Environmentally benign technologies can meet the president's hydrogen plan.

The prophets of doom have again been disappointed by worldwide estimates of proved reserves of oil and gas. We are definitely not running out of oil and gas. In fact, total world oil reserves increased from 1,032 billion barrels (Bbbl) to 1,213 Bbbl, and natural gas reserves from 5,451 trillion cubic feet (Tcf) to 5,501 Tcf over the past year.

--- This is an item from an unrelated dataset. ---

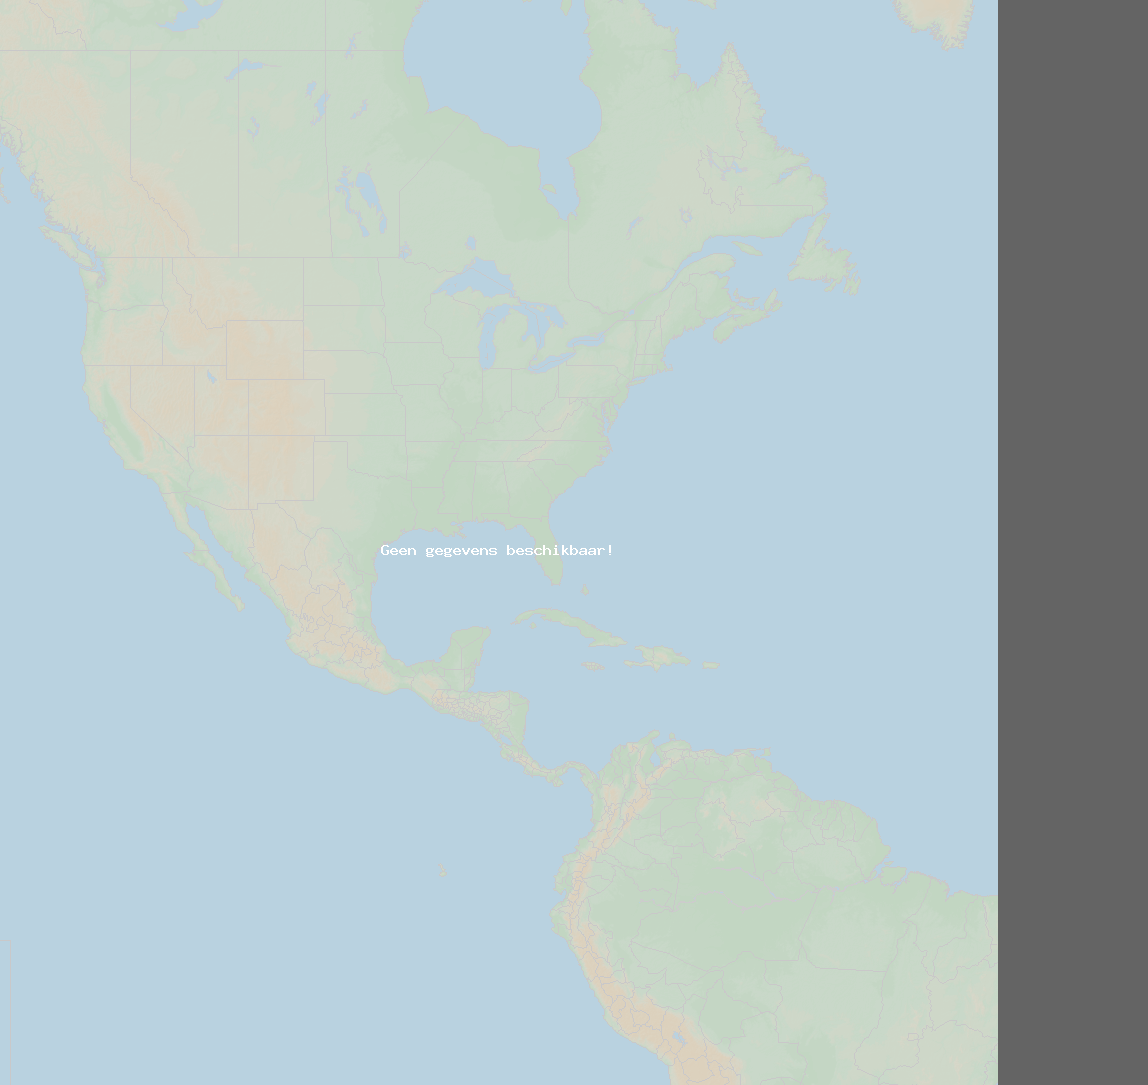 Inslagverhouding (Station Baie-Comeau QC) North America 2019 mei
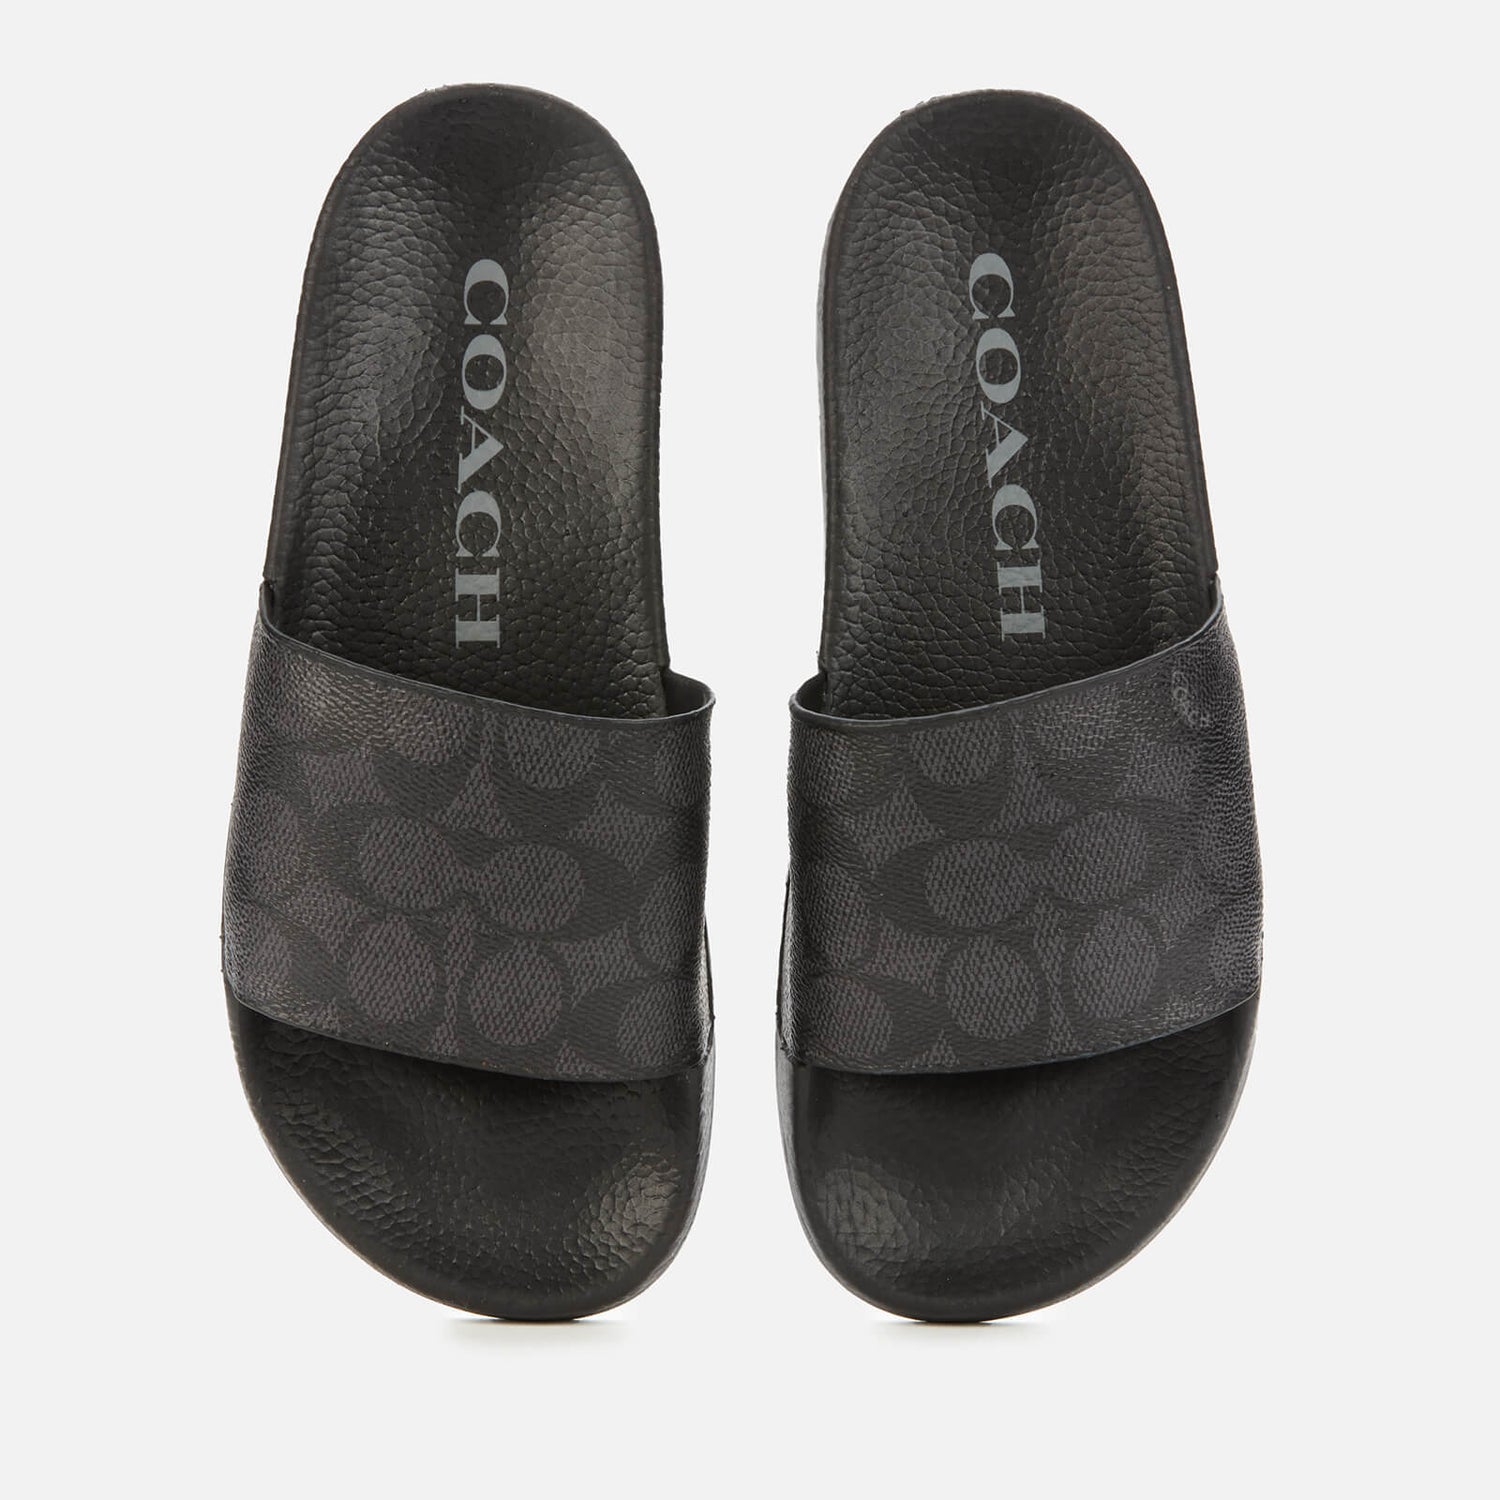 Coach Women's Udele Coated Canvas Slide Sandals - Charcoal/Black - UK 3

Even in the United States, proved oil reserves increased from 22.045 to 22.446 Bbbl and proved natural gas reserves from 177.427 to 183.460 Tcf thanks in part to oil reserve additions that exceeded production by 21 percent in 2001, and gas reserve additions that exceeded production by 31 percent in 2001 [see bibliographic references 1 and 2].

Another positive development is that OPEC's share of worldwide crude oil production dropped from 40.5 percent in 2001 to 38.2 percent in 2002 [see bibliographic reference 1]. The latest Energy Information Administration (EIA) report for 2001 , documents year-end proved reserves of 22.446 Bbbl of crude oil, 183.460 Tcf of dry natural gas (after removal of the heavier hydrocarbons beginning with propane), and 7.993 Bbbl of natural gas liquids (i.e., condensate, natural gasoline, and liquefied petroleum gases) [2].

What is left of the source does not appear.